On Sun, Jul 31, 2016 at 12:15 PM, sri hari kali charan Tummala <
kali.tumm...@gmail.com> wrote:

> Hi All,
>
> I already solved it using DF and spark sql I was wondering how to solve in
> scala rdd, I just got the answer need to check my results compared to spark
> sql thanks all for your time.
>
> I am trying to solve moving average using scala RDD group by key.
>
>
> input:-
> -987~20150728~100
> -987~20150729~50
> -987~20150730~-100
> -987~20150804~200
> -987~20150807~-300
> -987~20150916~100
>
>
> val test=sc.textFile(file).keyBy(x => x.split("\\~") (0))
>   .map(x => x._2.split("\\~"))
>   .map(x => ((x(0),x(1),x(2))))
>   .map{case (account,datevalue,amount) => 
> ((account,datevalue),(amount.toDouble))}.mapValues(x => 
> x).toArray.sliding(2,1).map(x => (x(0)._1,x(1)._2,(x.foldLeft(0.0)(_ + 
> _._2/x.size)),x.foldLeft(0.0)(_ + _._2))).foreach(println)
>
> Op:-
>
> accountkey,date,balance_of_account, daily_average, sum_base_on_window
>
> ((-987,20150728),50.0,75.0,150.0)
> ((-987,20150729),-100.0,-25.0,-50.0)
> ((-987,20150730),200.0,50.0,100.0)
> ((-987,20150804),-300.0,-50.0,-100.0)
> ((-987,20150807),100.0,-100.0,-200.0)
>
>
> below book is written for Hadoop Mapreduce the book has solution for
> moving average but its in Java.
>
>
> https://www.safaribooksonline.com/library/view/data-algorithms/9781491906170/ch06.html
>
>
> Sql:-
>
>
> SELECT DATE,balance,
> SUM(balance) OVER (ORDER BY DATE ROWS BETWEEN UNBOUNDED PRECEDING AND
> CURRENT ROW) daily_balance
> FROM  table
>
> Thanks
> Sri
>
>
>
> On Sun, Jul 31, 2016 at 11:54 AM, Mich Talebzadeh <
> mich.talebza...@gmail.com> wrote:
>
>> Check also this
>> <https://databricks.com/blog/2015/07/15/introducing-window-functions-in-spark-sql.html>
>>
>> HTH
>>
>> Dr Mich Talebzadeh
>>
>>
>>
>> LinkedIn * 
>> https://www.linkedin.com/profile/view?id=AAEAAAAWh2gBxianrbJd6zP6AcPCCdOABUrV8Pw
>> <https://www.linkedin.com/profile/view?id=AAEAAAAWh2gBxianrbJd6zP6AcPCCdOABUrV8Pw>*
>>
>>
>>
>> http://talebzadehmich.wordpress.com
>>
>>
>> *Disclaimer:* Use it at your own risk. Any and all responsibility for
>> any loss, damage or destruction of data or any other property which may
>> arise from relying on this email's technical content is explicitly
>> disclaimed.
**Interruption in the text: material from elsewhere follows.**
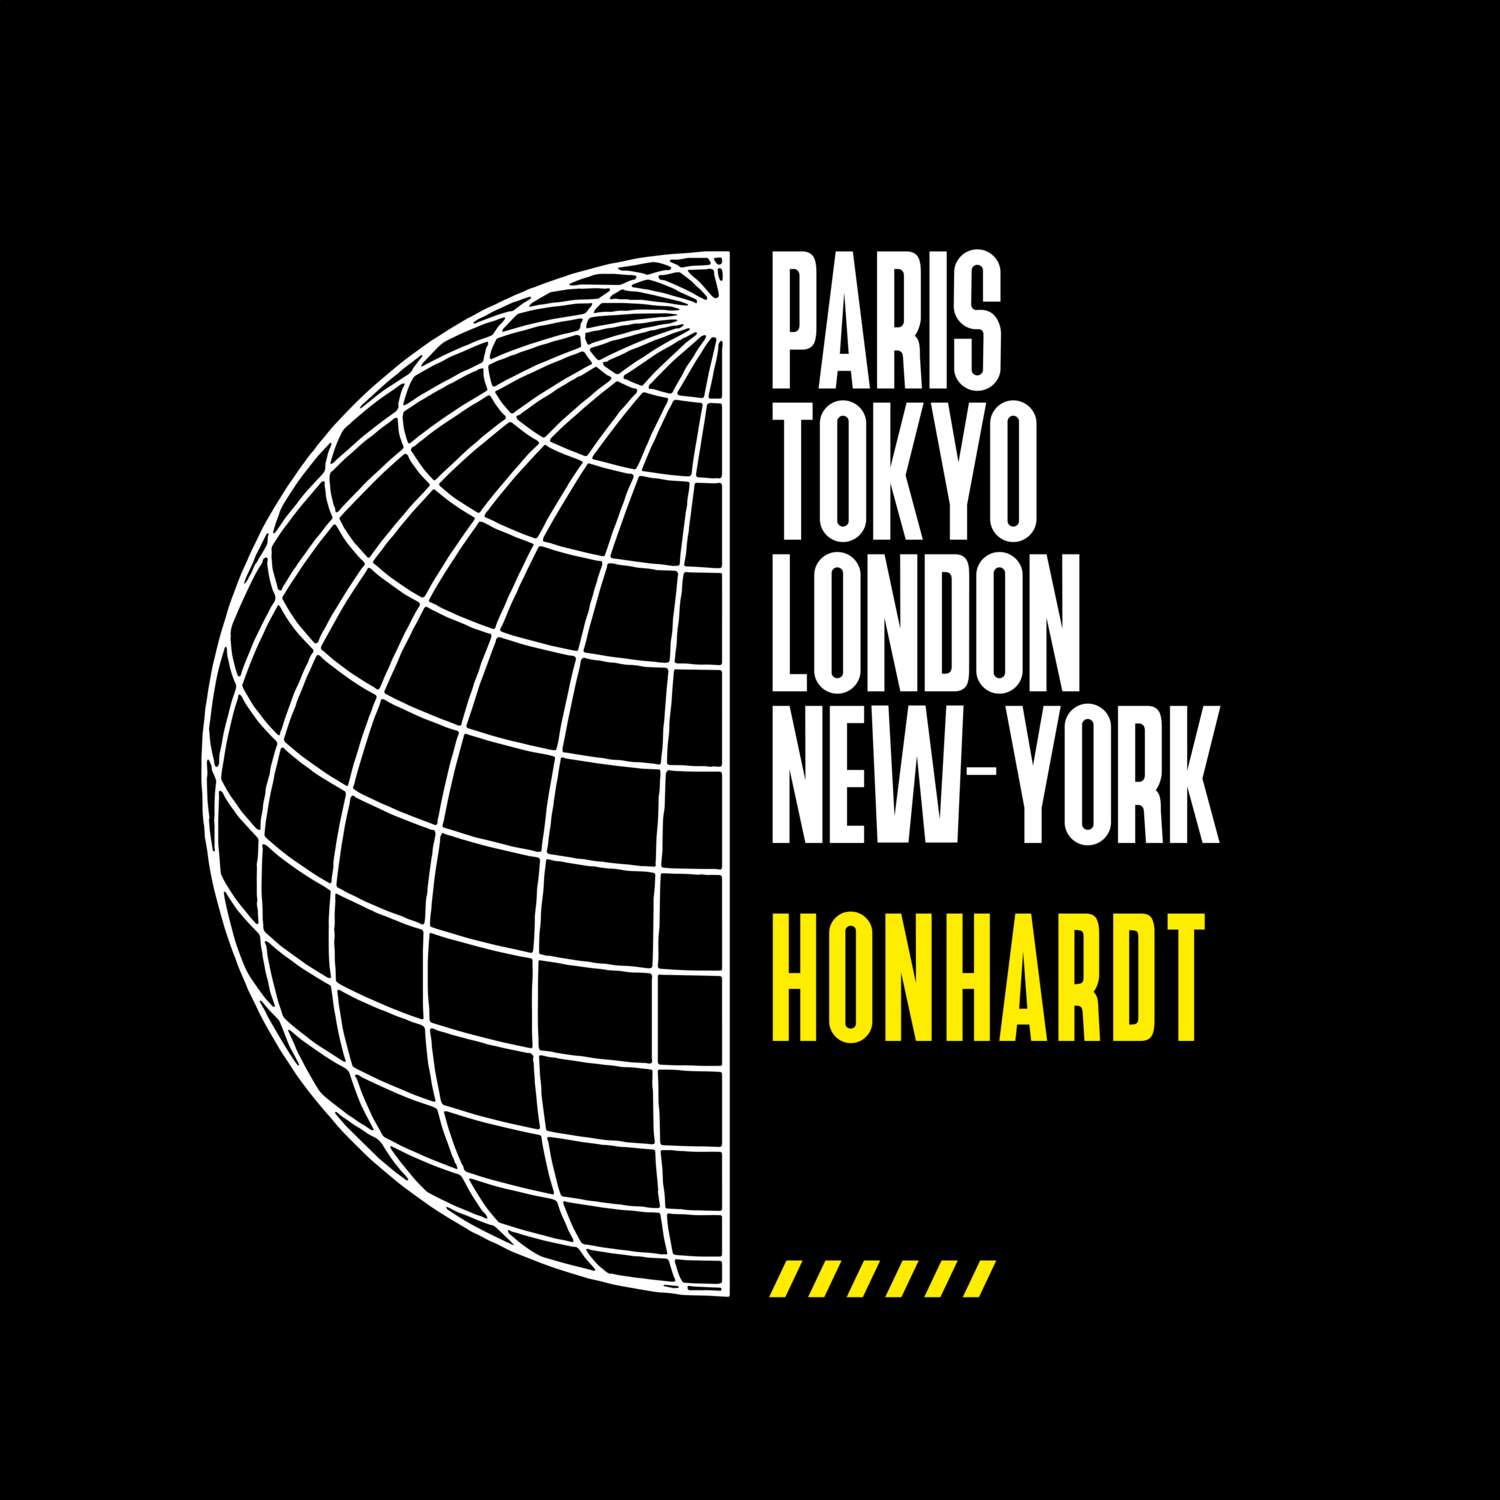 Honhardt T-Shirt »Paris Tokyo London«

The author will in no case be liable for any monetary damages
>> arising from such loss, damage or destruction.
>>
>>
>>
>> On 31 July 2016 at 19:49, sri hari kali charan Tummala <
>> kali.tumm...@gmail.com> wrote:
>>
>>> Tuple
>>>
>>> [Lscala.Tuple2;@65e4cb84
>>>
>>> On Sun, Jul 31, 2016 at 1:00 AM, Jacek Laskowski <ja...@japila.pl>
>>> wrote:
>>>
>>>> Hi,
>>>>
>>>> What's the result type of sliding(2,1)?
>>>>
>>>> Pozdrawiam,
>>>> Jacek Laskowski
>>>> ----
>>>> https://medium.com/@jaceklaskowski/
>>>> Mastering Apache Spark 2.0 http://bit.ly/mastering-apache-spark
>>>> Follow me at https://twitter.com/jaceklaskowski
>>>>
>>>>
>>>> On Sun, Jul 31, 2016 at 9:23 AM, sri hari kali charan Tummala
>>>> <kali.tumm...@gmail.com> wrote:
>>>> > tried this no luck, wht is non-empty iterator here ?
>>>> >
>>>> > OP:-
>>>> > (-987,non-empty iterator)
>>>> > (-987,non-empty iterator)
>>>> > (-987,non-empty iterator)
>>>> > (-987,non-empty iterator)
>>>> > (-987,non-empty iterator)
>>>> >
>>>> >
>>>> > sc.textFile(file).keyBy(x => x.split("\\~") (0))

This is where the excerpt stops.